Pushing to main without changing the version does nothing: the workflow triggers only on changes to pyproject.toml, and its guard skips any version whose tag already exists.

How to cut a release (maintainers)

# 1. Bump the version in pyproject.toml:
#      full release:  version = "0.2.4"
#      pre-release:   version = "0.2.4a1"   (PEP 440: aN / bN / rcN / .devN)
# 2. Commit and push to main:
git add pyproject.toml
git commit -m "version bump"
git push origin main
# 3. Watch it: Actions tab -> "Release to PyPI" -> Test -> Build -> Publish -> Tag vX.Y.Z

Consumers install a normal release with pip install pylmm3 (or uv add pylmm3); a pre-release needs pip install --pre pylmm3 or an explicit pin (pylmm3==0.2.4a1).

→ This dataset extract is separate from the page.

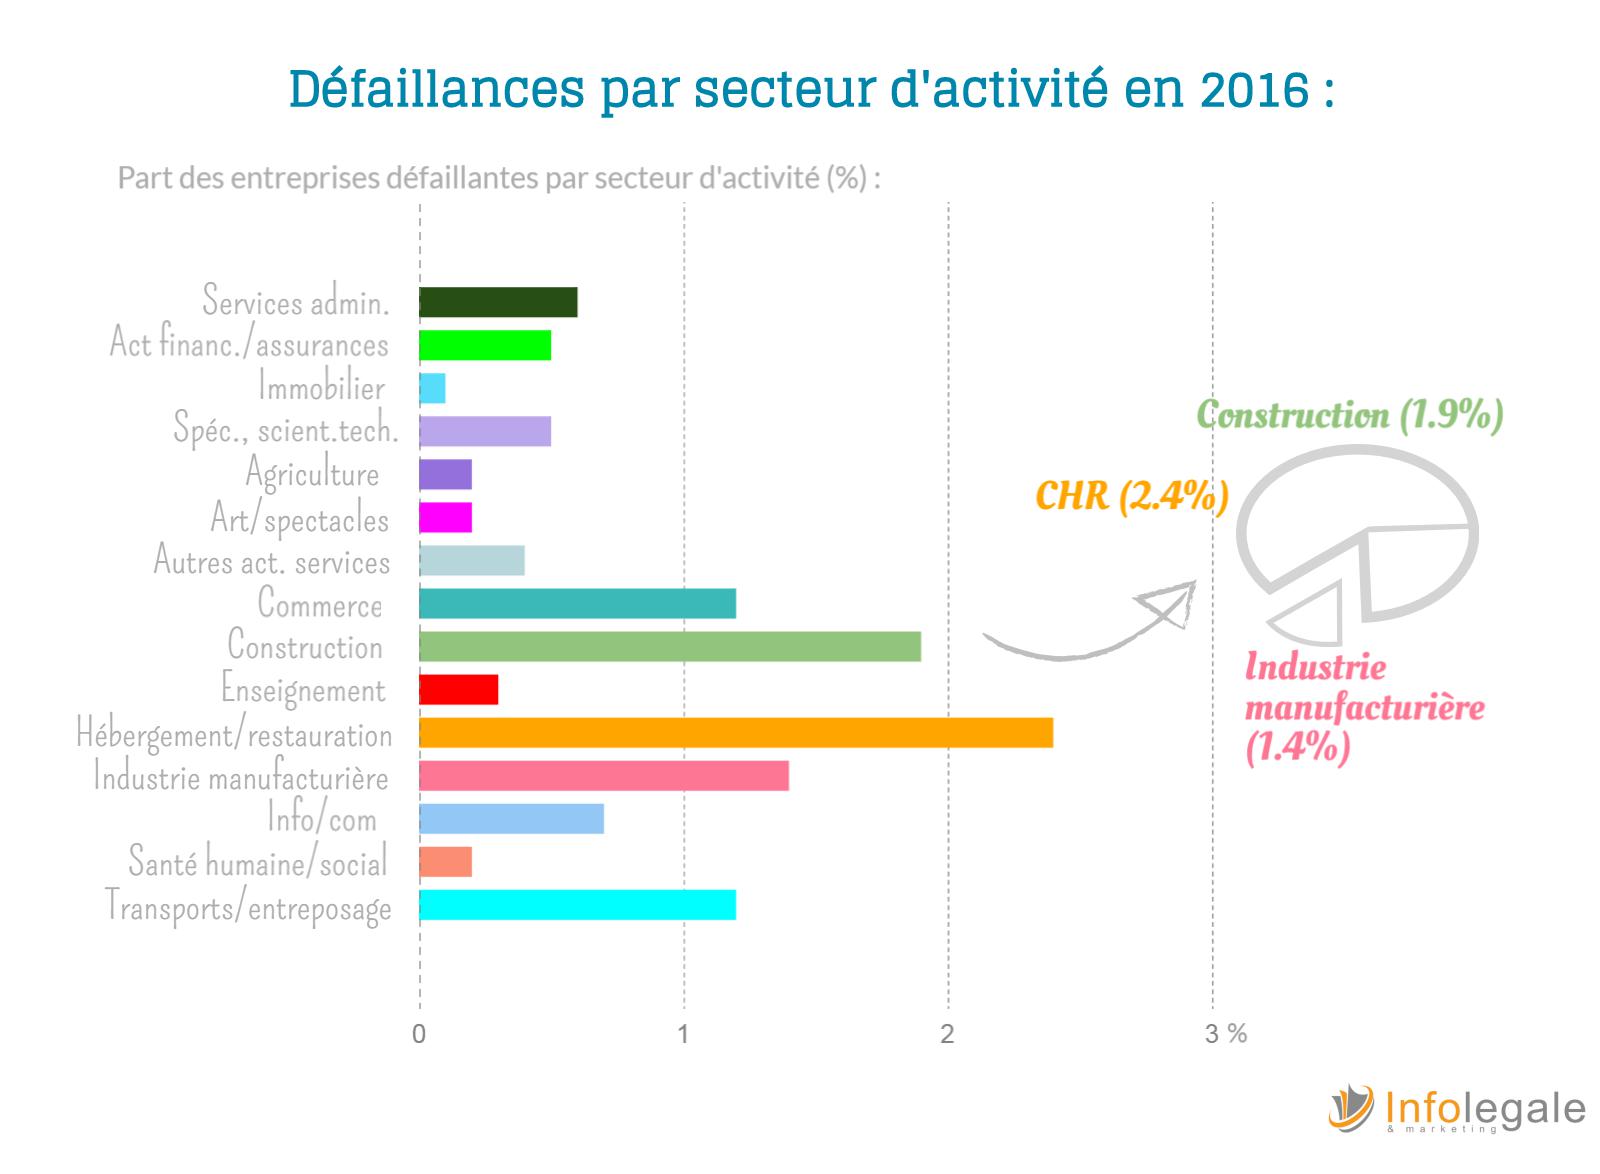 Defaillances par secteurs en 2016

The one-time PyPI setup (Trusted Publishing), the API-token fallback, and how to test an unreleased version against downstream projects are in RELEASING.md.


Authors

pylmm3 is developed and maintained at The Jackson Laboratory:

Name Email
Matt Vincent matt.vincent@jax.org
Nick Sebasco nick.sebasco@jax.org

pylmm3 is a Python 3 port of the original pylmm by Nicholas A. Furlotte.


License

Copyright © 2015 Nicholas A. Furlotte
Copyright © 2024–2026 The Jackson Laboratory

pylmm3 is free software licensed under the GNU Affero General Public License v3.0 or later.

This program is distributed in the hope that it will be useful, but WITHOUT ANY WARRANTY; without even the implied warranty of MERCHANTABILITY or FITNESS FOR A PARTICULAR PURPOSE.